%%
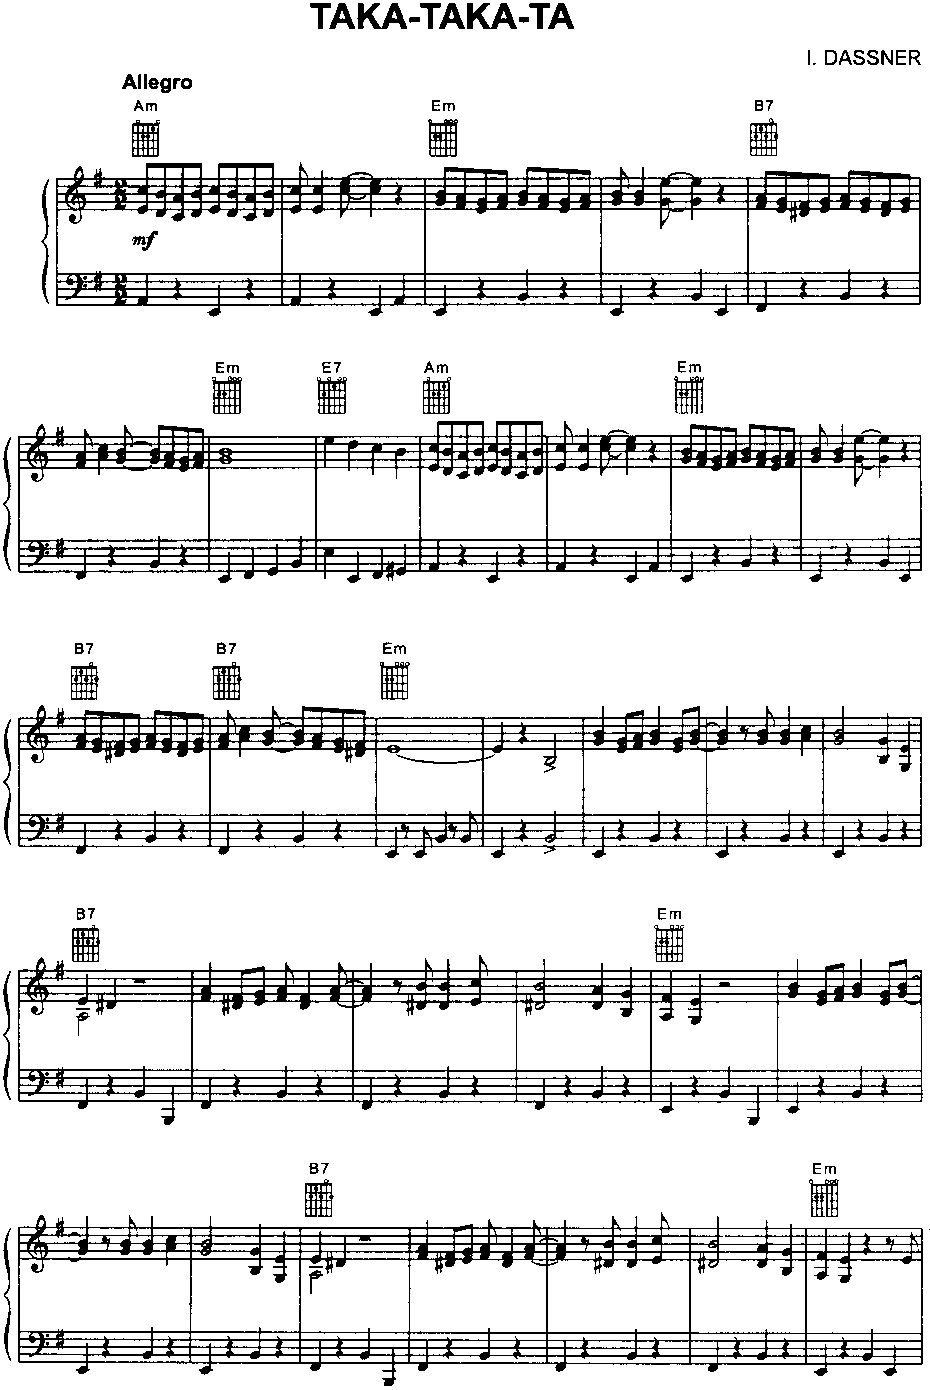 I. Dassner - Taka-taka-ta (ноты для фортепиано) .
%%
%%
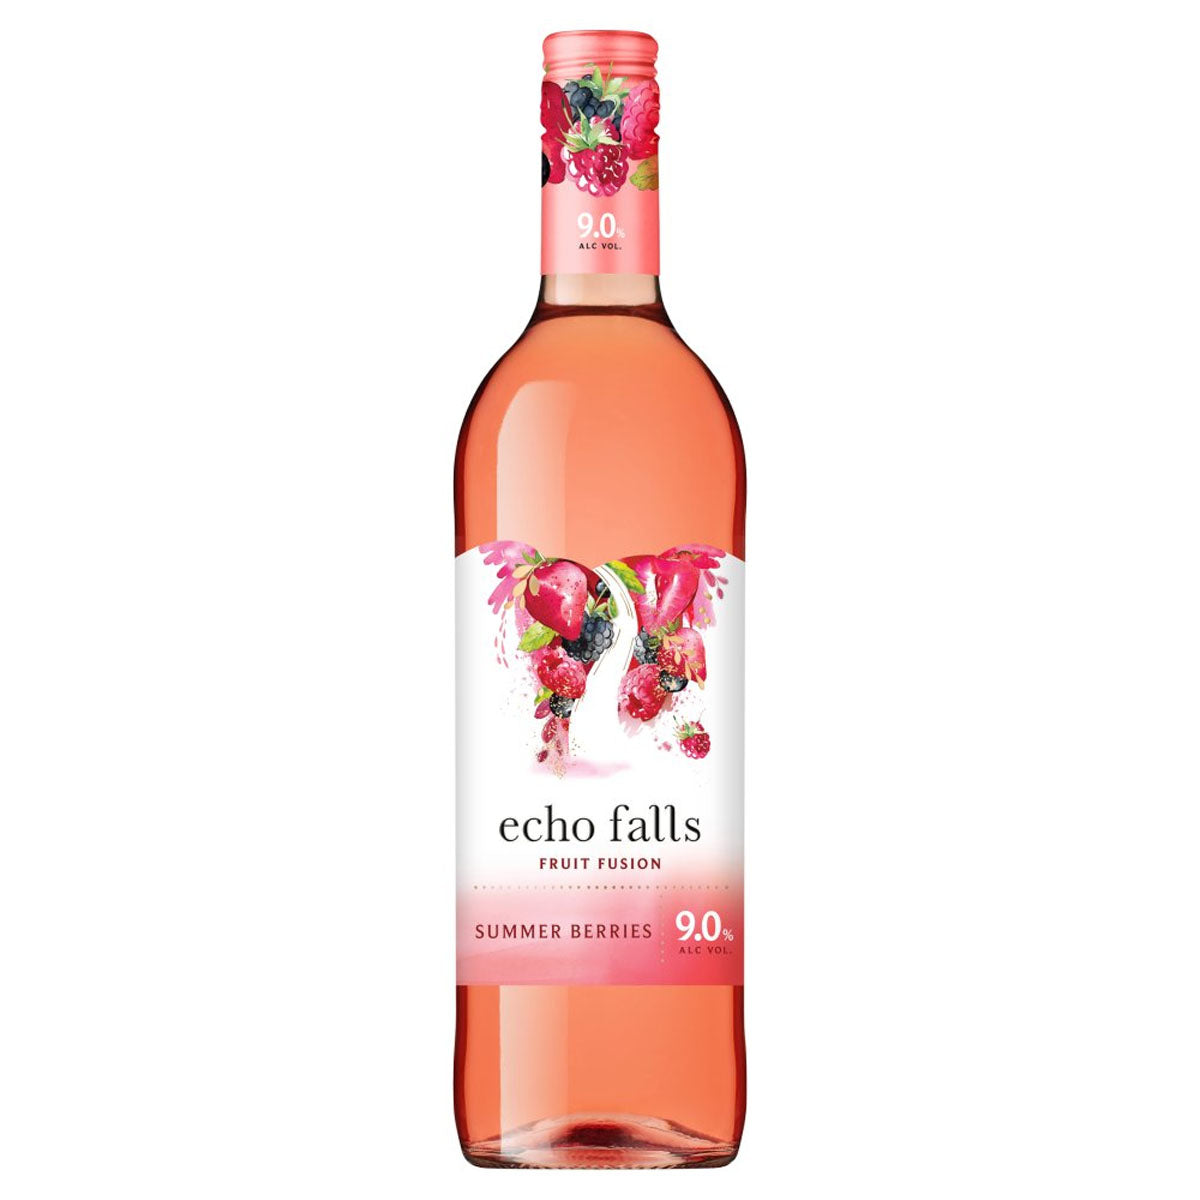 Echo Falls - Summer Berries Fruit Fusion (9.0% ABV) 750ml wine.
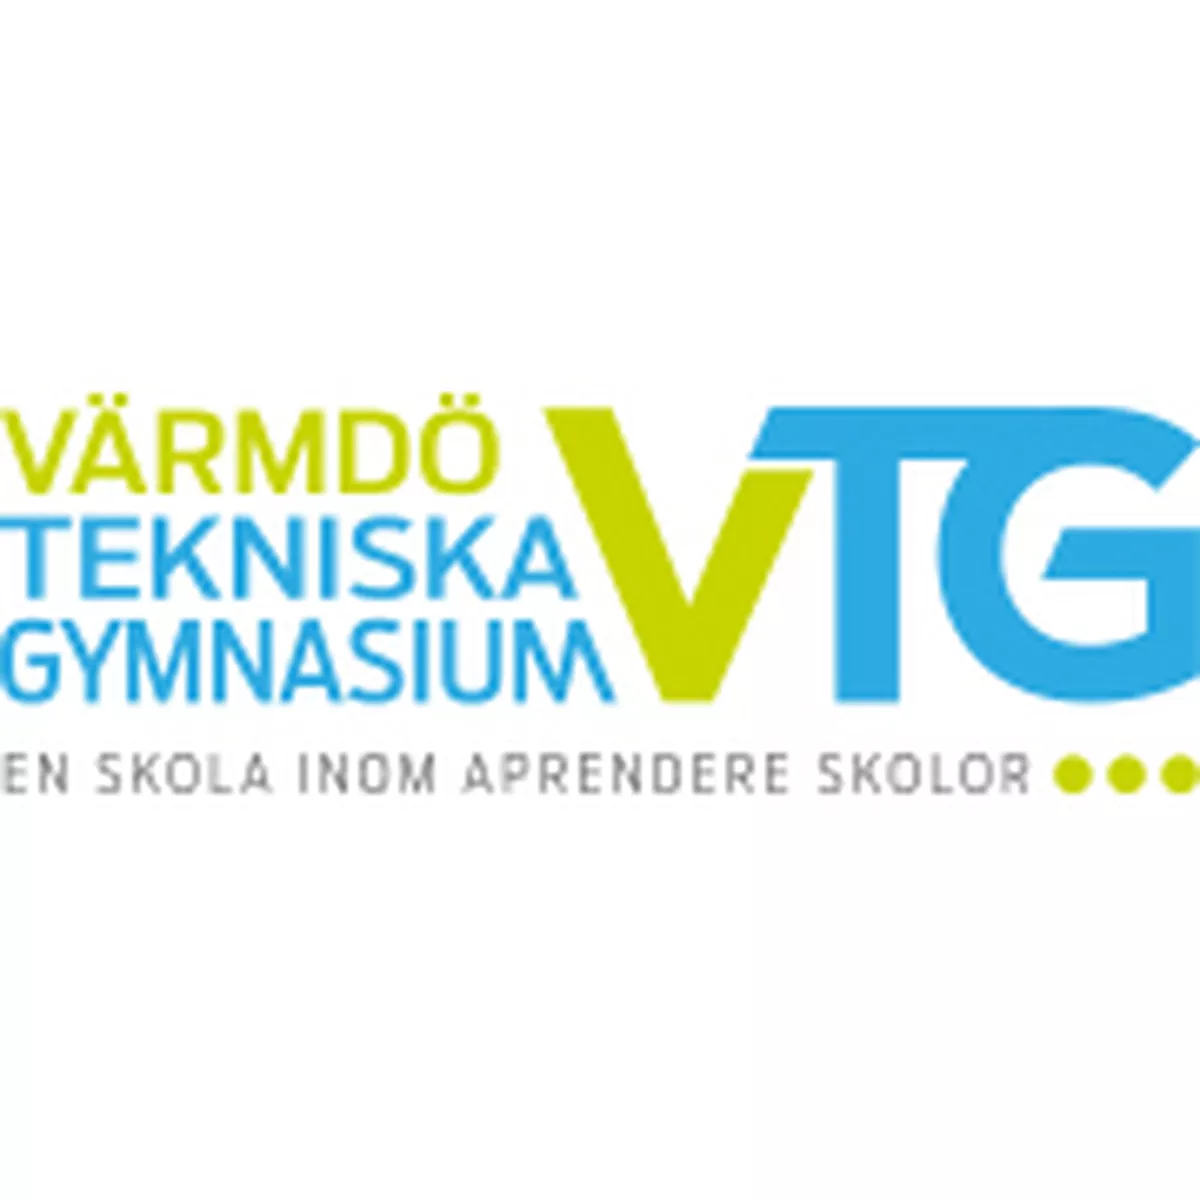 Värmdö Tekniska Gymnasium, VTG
%%
Working from the entries above, reproduce exactly and only the lines beginning with the line that has "Echo Falls - Summer" and ending with the line that has "Värmdö Tekniska Gymnasium, VTG"; omit all pictures.

 Echo Falls - Summer Berries Fruit Fusion (9.0% ABV) 750ml wine.
 Värmdö Tekniska Gymnasium, VTG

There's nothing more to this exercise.